Baby Play: Tissue Box Play

Jan 6, 2013

Ageapprox. 6 months to 2 years (see bottom for tips)

Materials: Cardboard Tissue Box and Milk bottle lids
(N is currently 13 months. See bottom for tips to simplify or extend to meet your child's needs)

Set up as an "Invitation to Play" Different coloured Milk Bottle Lids on a plastic tray and a Tissue Box

Woah! What to do first? Stimulated by the different colours and bits and pieces

Tipping the tray. Learning about gravity.

Using fine motor skills and hand-eye coordination to put the milk bottle lids in the tissue box.

Where have the milk bottle lids gone? You can hear them when you shake the box. 
Reaching for the lids and learning about object permanence.

Baby is Learning:

- Fine motor skills
- Pincer grasp (picking up small objects with thumb and pointer finger)
- Hand and eye coordination
- Cause and effect (ie. tipping the tray will make the bottle lids fall off. Shaking the tissue box with lids inside it makes a rattle sound etc.)
- Shapes. The milk bottle lids are round. The tissue box is rectangular with angles and corners.
- Colours. The milk bottle lids are all the same shape/size but different colours.
- Emotions. Excitement, anticipation and enjoyment.
- About Gravity. Physical items fall down and always tip to the lowest point
- Language from the interactions you have with baby
- What to do with the materials. Put the milk bottle lids in the tissue box. Get the out again. etc
- Object Permanence.

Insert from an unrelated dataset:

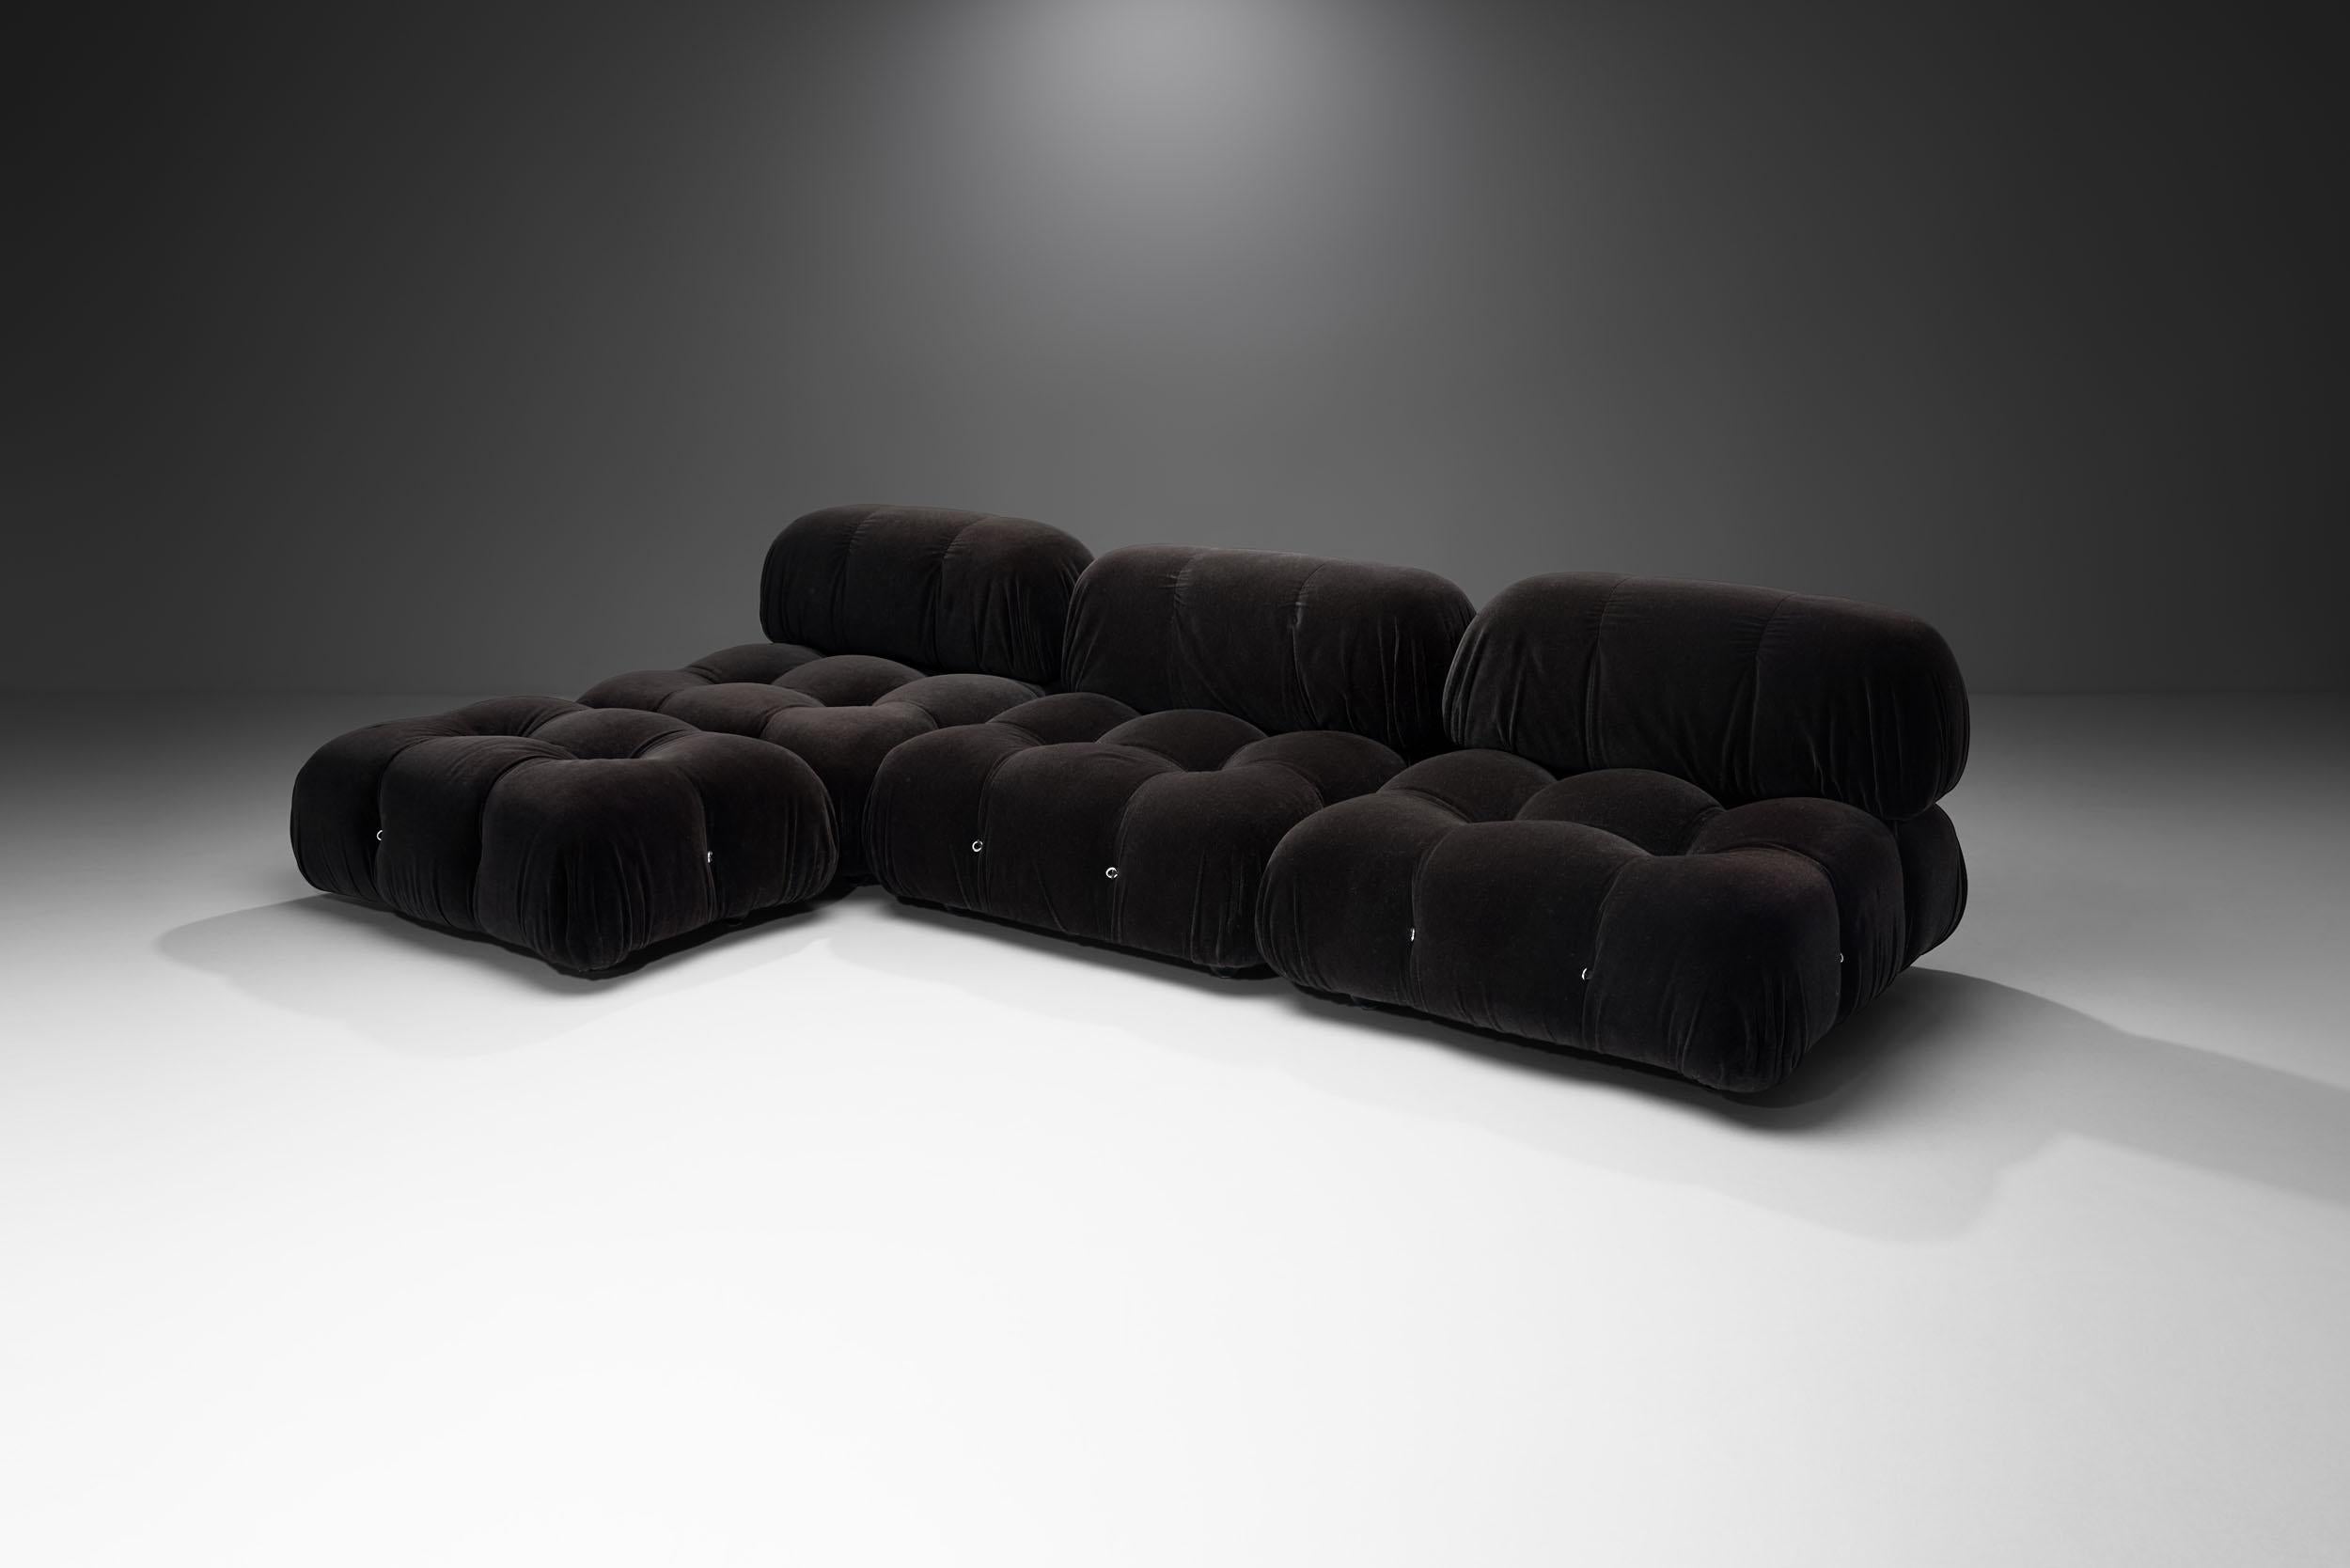 The “Camaleonda” (Italian word play on ‘chameleon’ and ‘wave’) sofa is Mario Bellini’s contemporary classic. The playful, modular design offers endless options for the user, which also inspired the model’s name. Camaleonda has passed through five
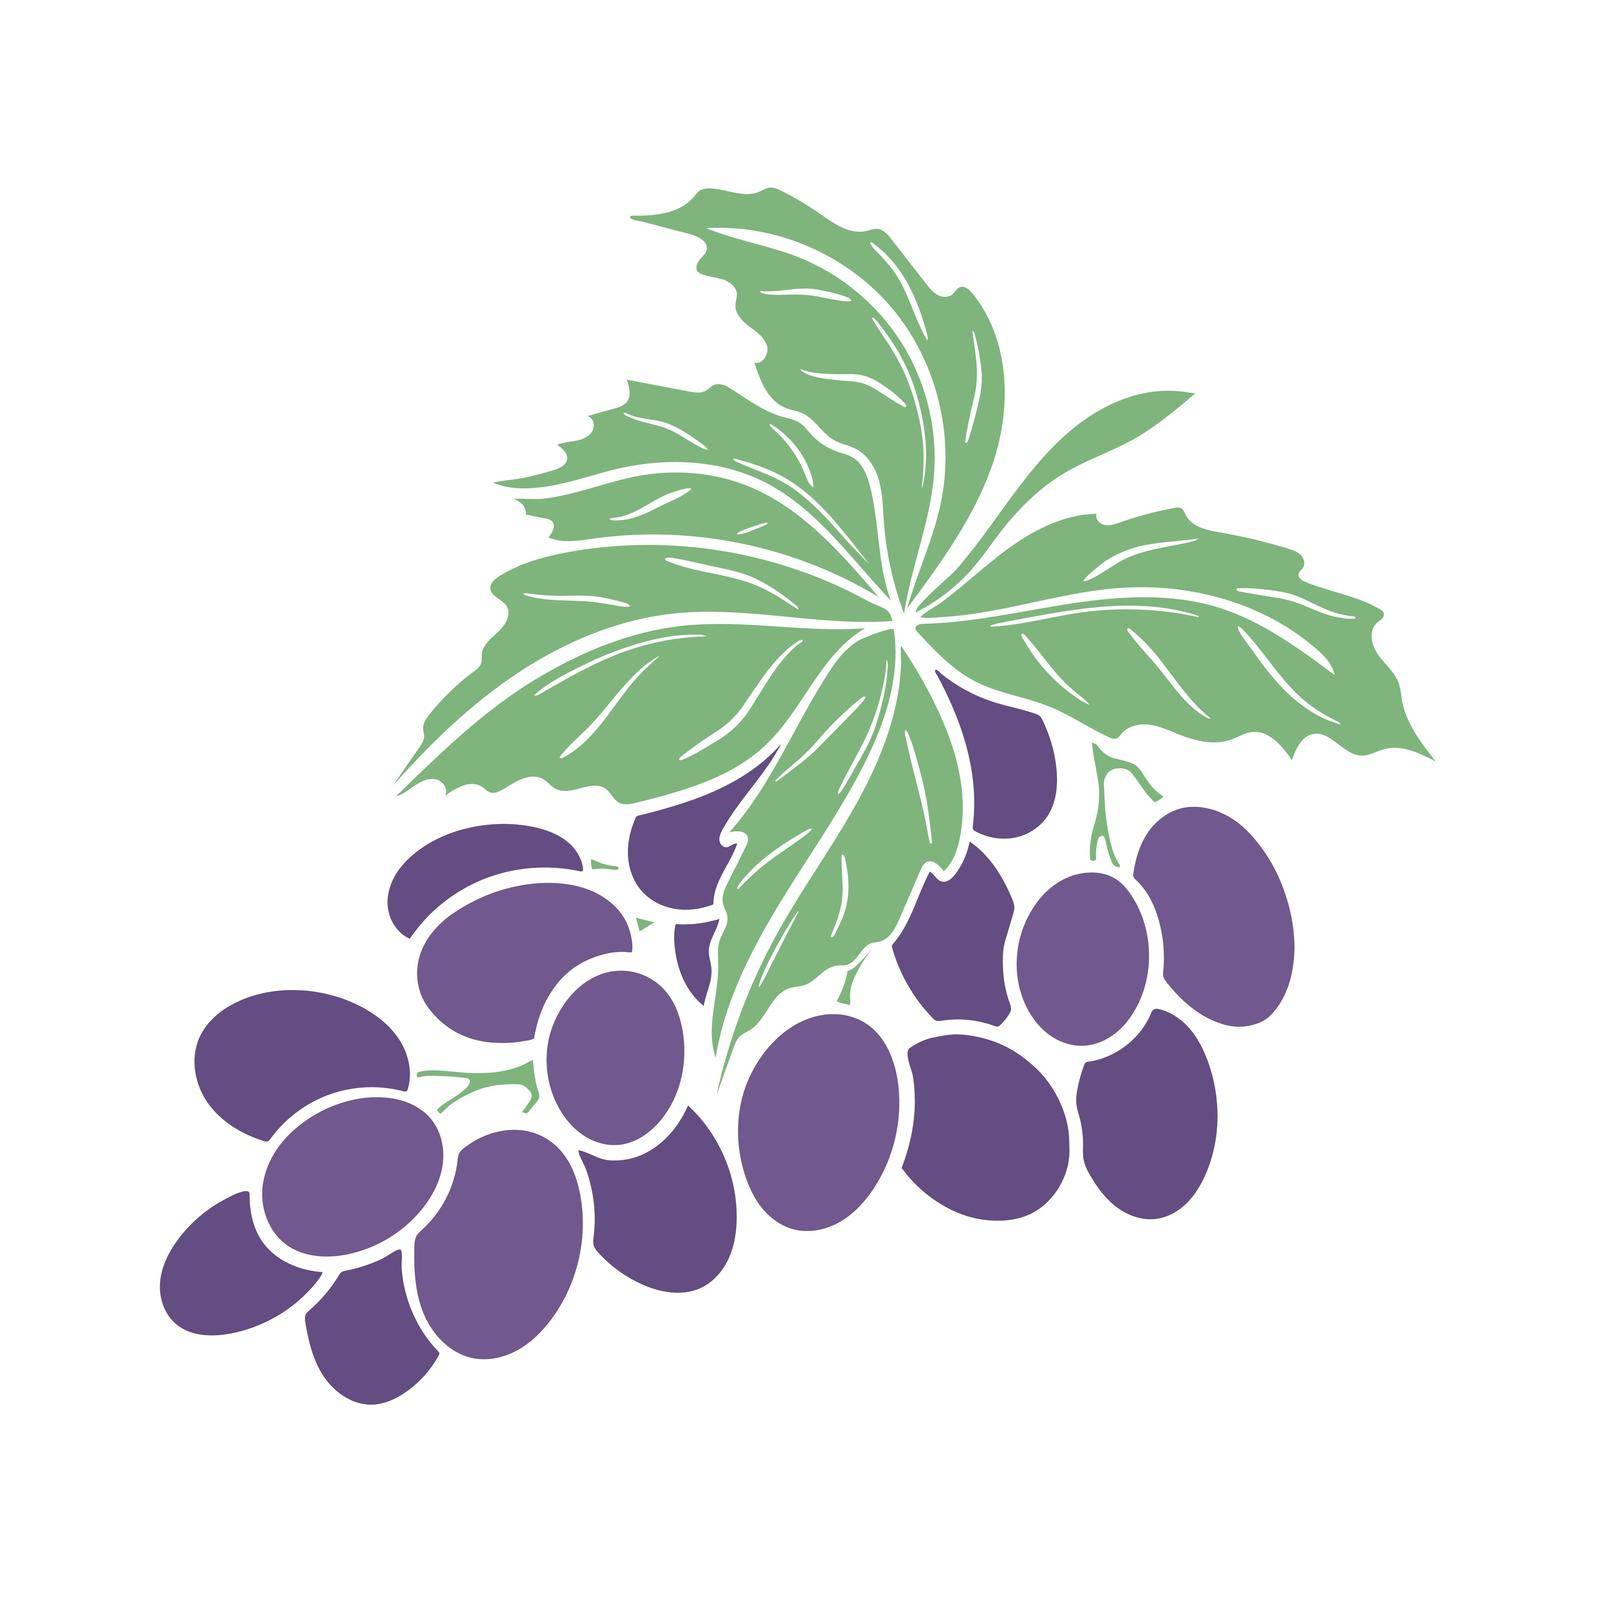 Grapes branch isolated vector illustration by TassiaK

Just because you can't see it any more doesn't mean it's not there.

Handy Tips:

Simplify this activity by ensuring that the opening of the tissue box is large and easy for baby to put things inside. Allow baby to explore the materials without pushing the need to post them inside the tissue box. Pop some in the box for baby to shake and rattle and see if they can get them out.

Extend this activity for older babies by sorting the milk bottle lids into colours. Ask baby to put the "blue" milk bottle lids in the tissue box etc.

Mix it up by providing some items that are too big to fit inside the tissue box. Let baby experiment and figure this out.

Repeat this activity as often as you like because babies (& children) need repetition to consolidate their learning and understanding. 

Talk to your baby about what they are doing. This will help them begin to understand the physical and mental processes they are going through as well as helping develop their vocabulary. "You have a red lid", "Where have the lids gone? Shake, shake, shake. What is that sound, baby?" 

Play with baby. Once they have explored on their own and been given an opportunity to discover on their own, you could show them how to put the lids into the tissue box or how you get them out.

Supervise. Babies need constant supervision.